From the first line to the last, please reproduce the material exactly, skipping the pictures.

*** Data provided Section Begins ***

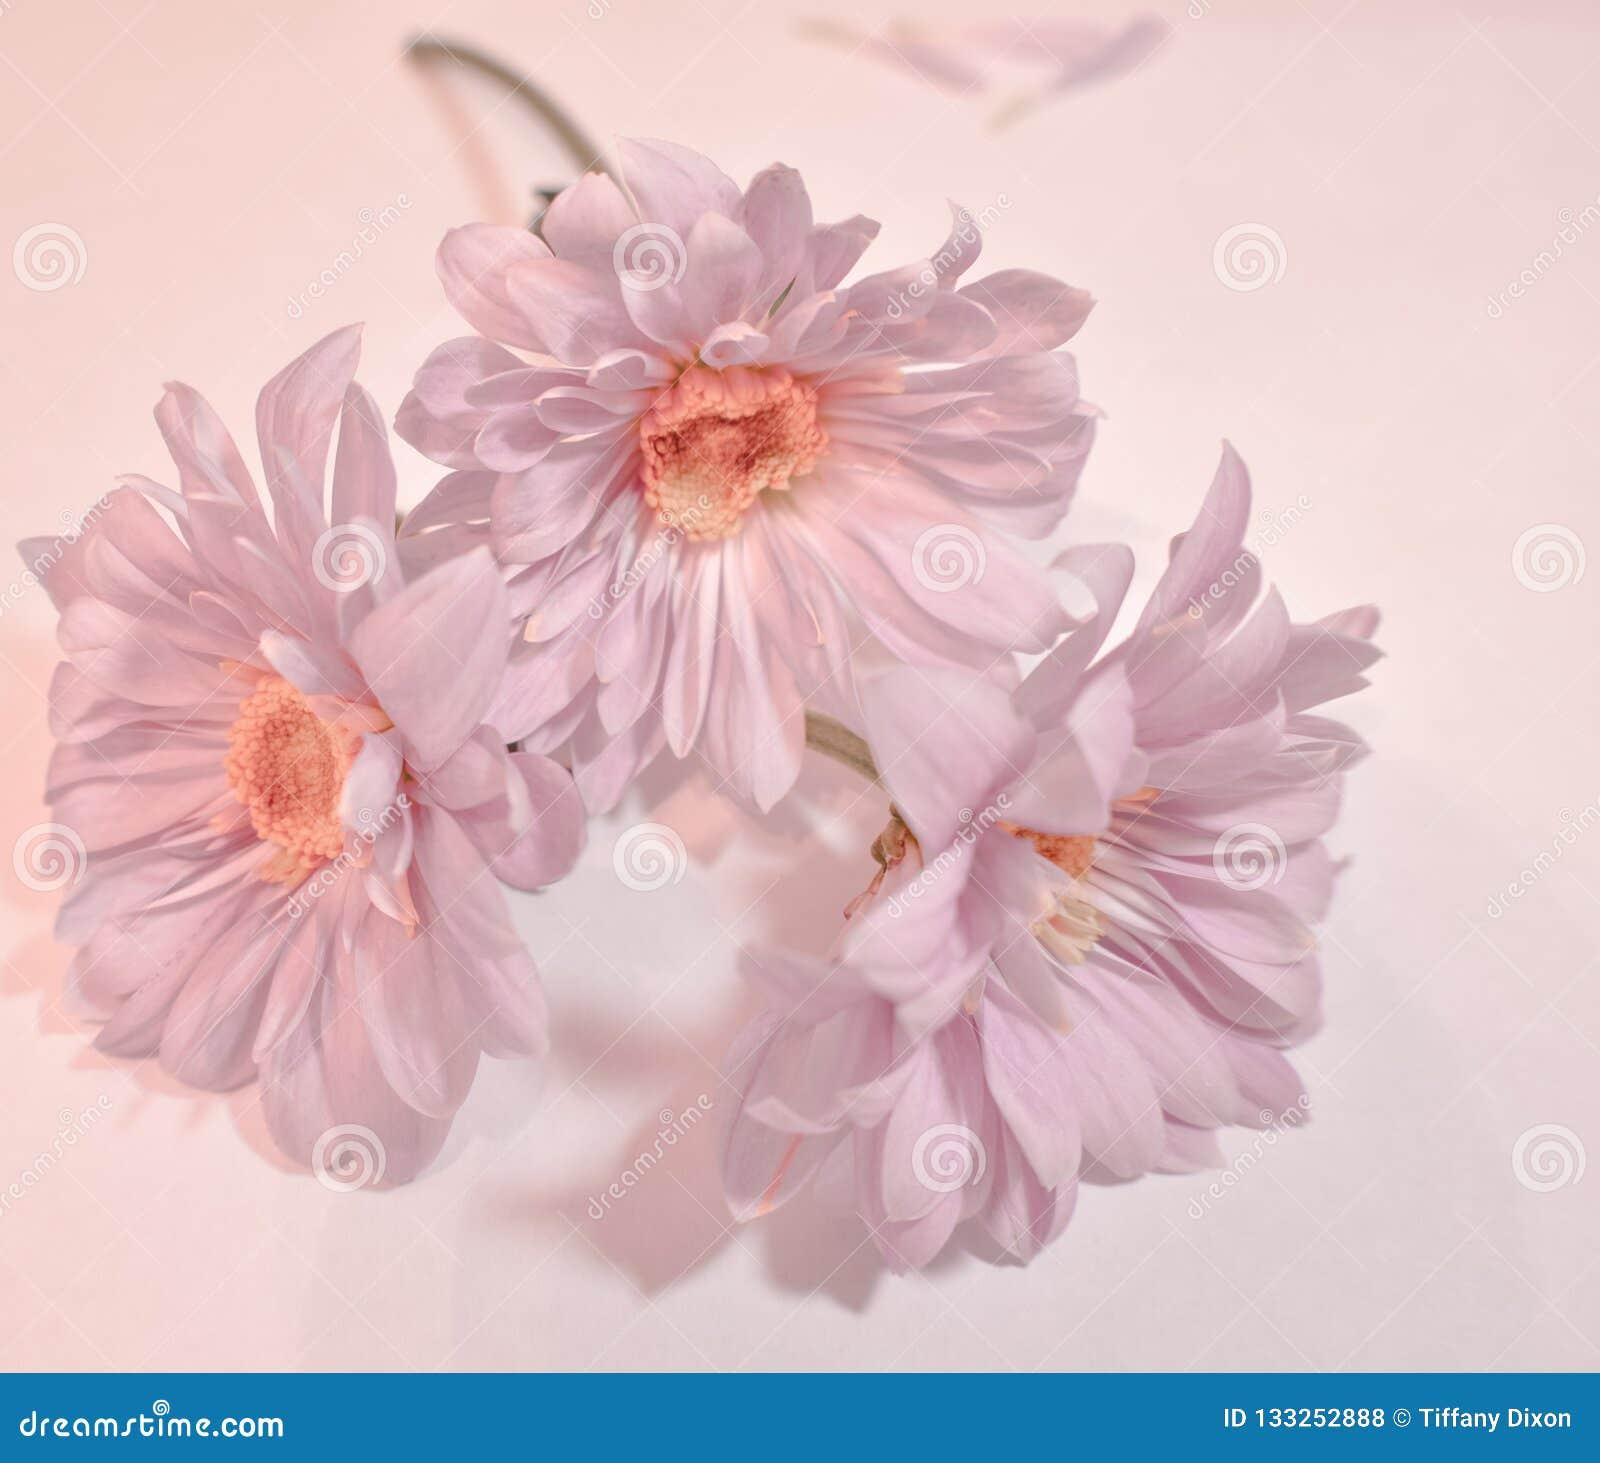 Trois marguerites de Gerbera de roses pâles dans un style romantique
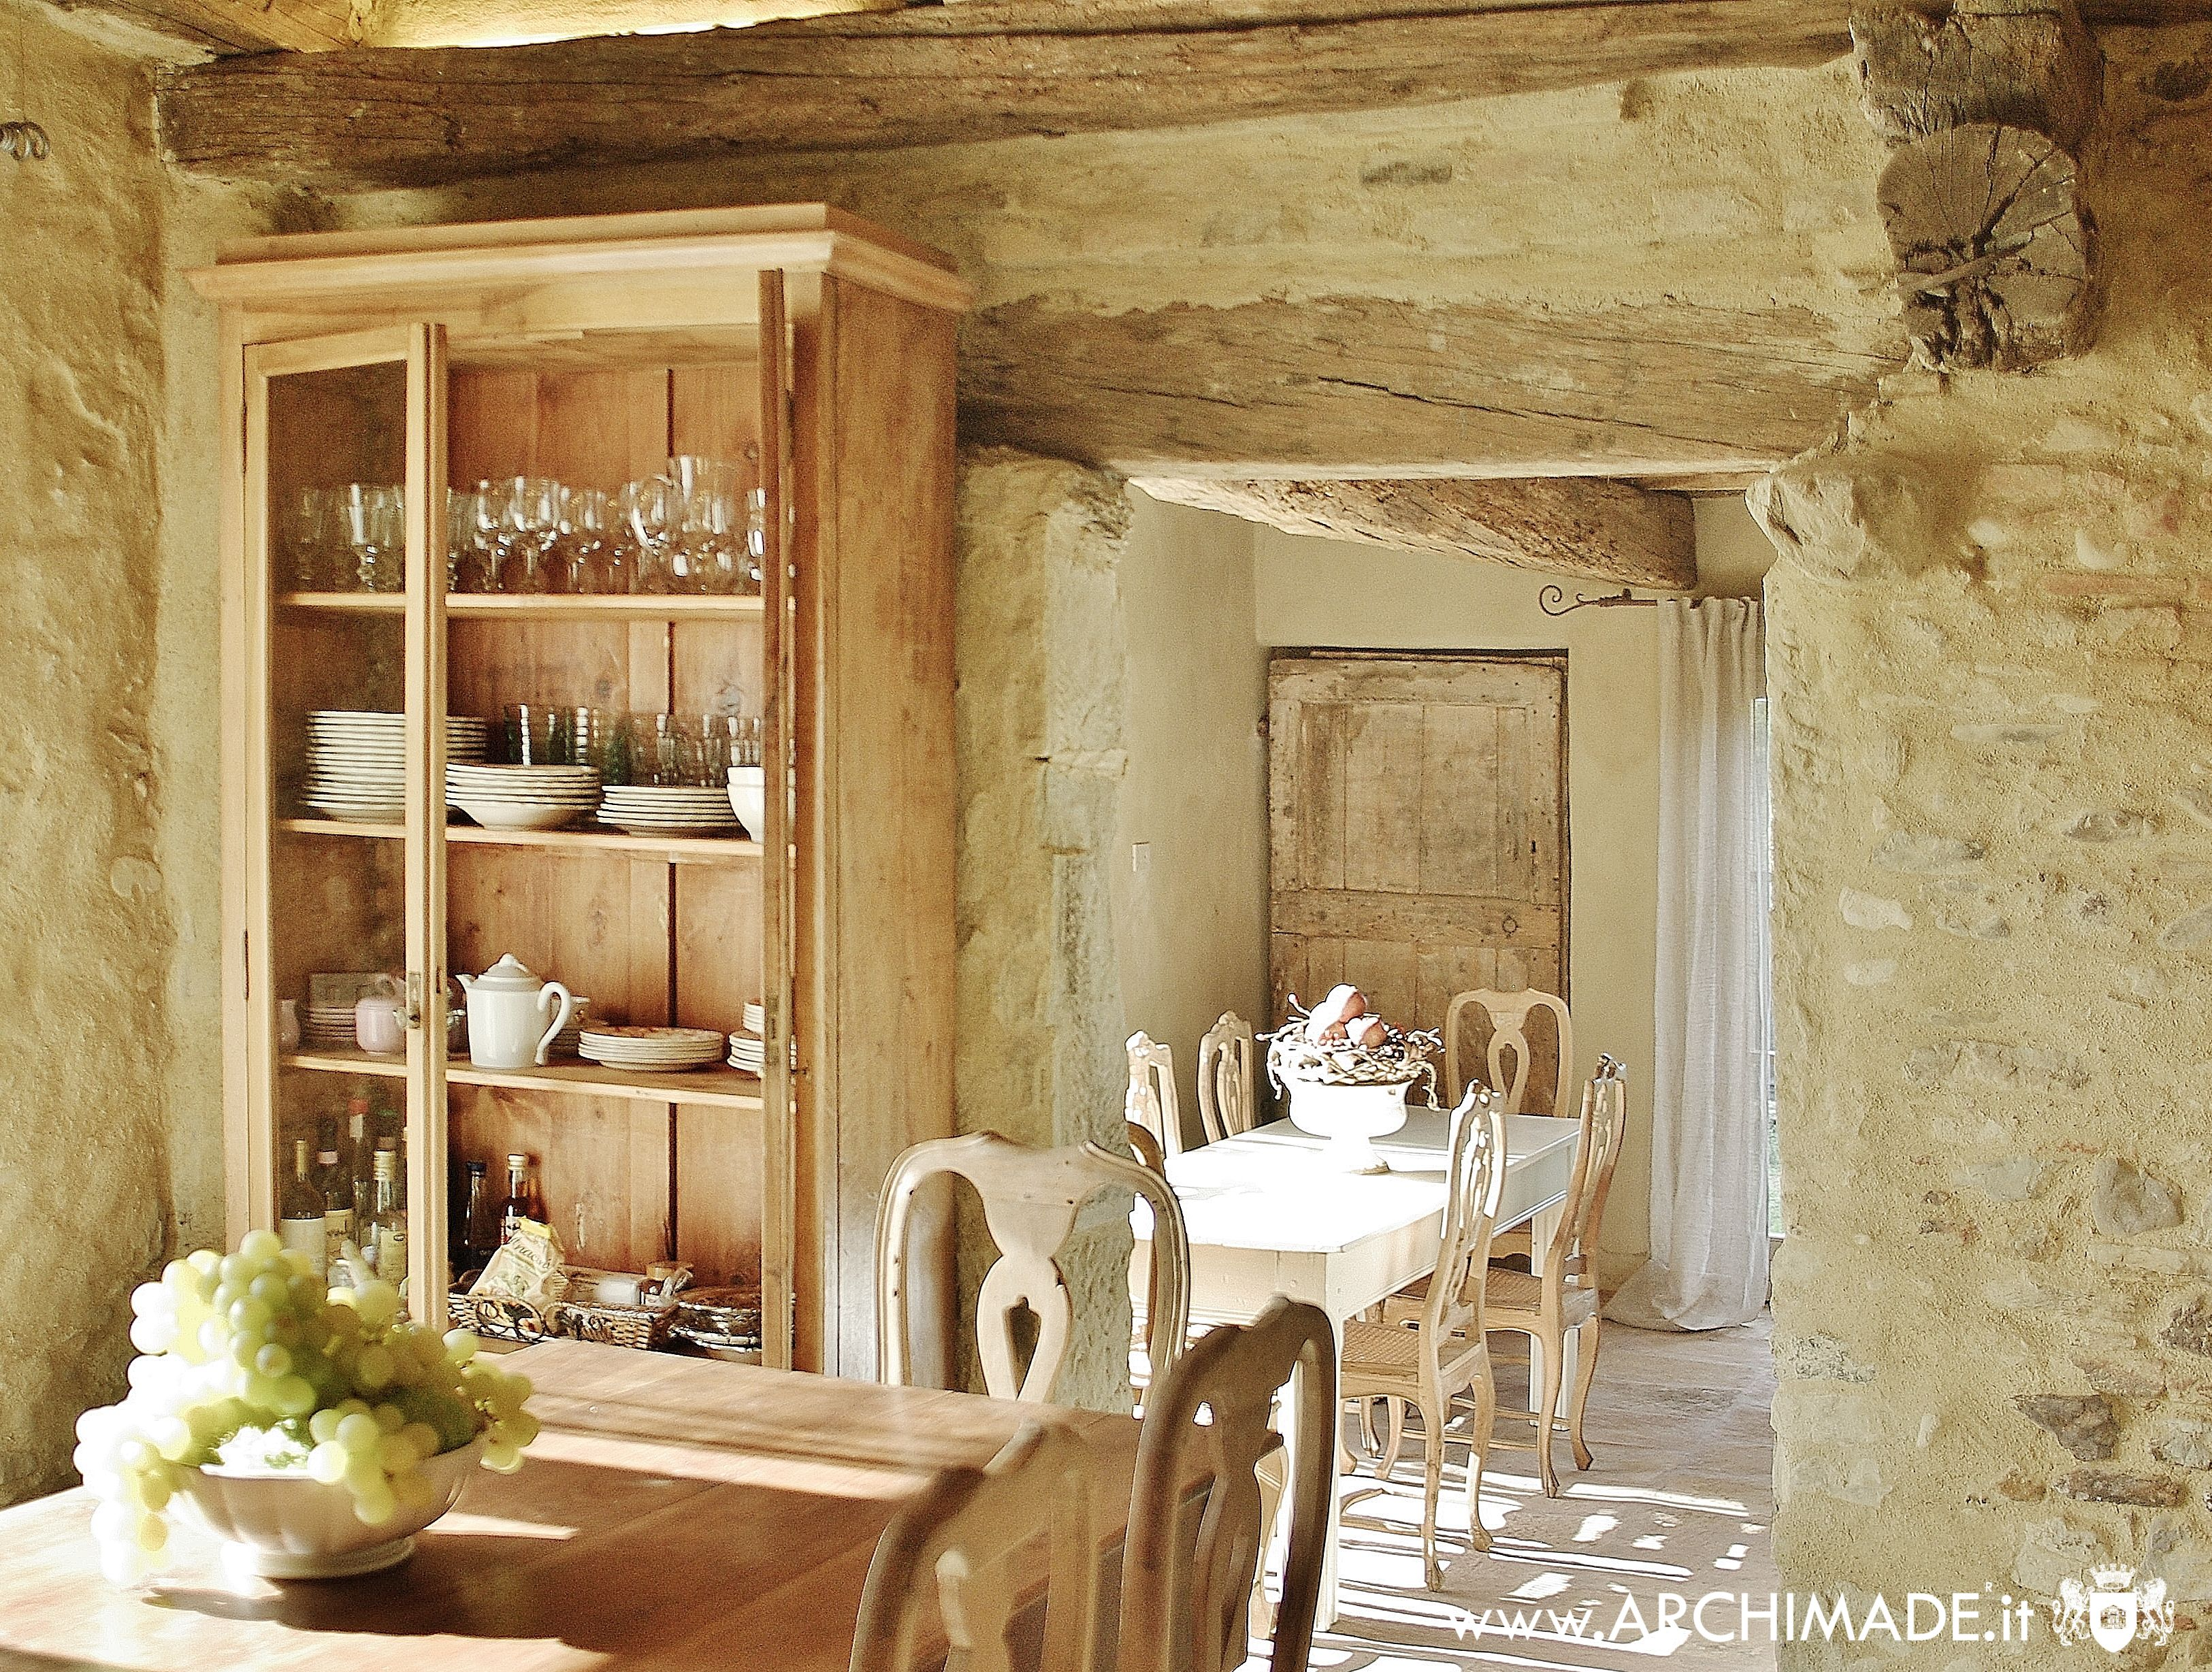 Tuscany interiors by c o u n t r y d i n for Arredamento rustico italiano
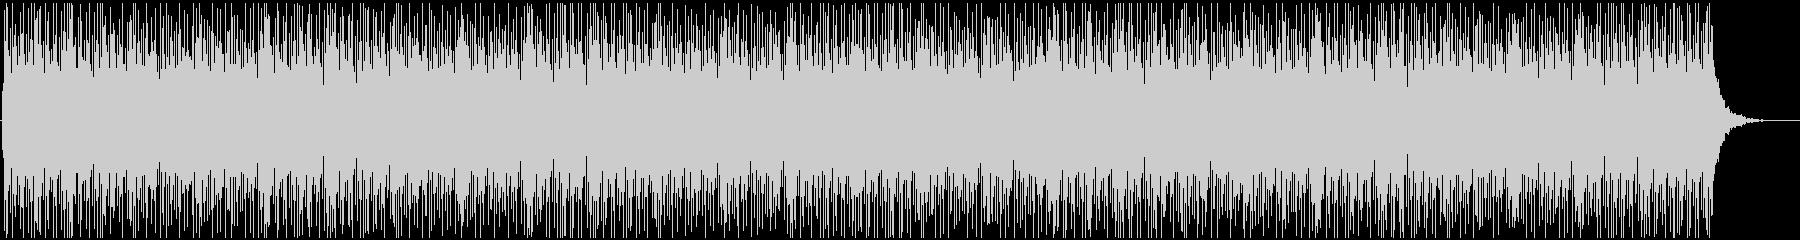 動画BGMに使いやすい爽やかなリフ曲の未再生の波形

*** Data provided Section Ends ***

## Completed task
 Trois marguerites de Gerbera de roses pâles dans un style romantique
 Tuscany interiors by c o u n t r y d i n for Arredamento rustico italiano
 動画BGMに使いやすい爽やかなリフ曲の未再生の波形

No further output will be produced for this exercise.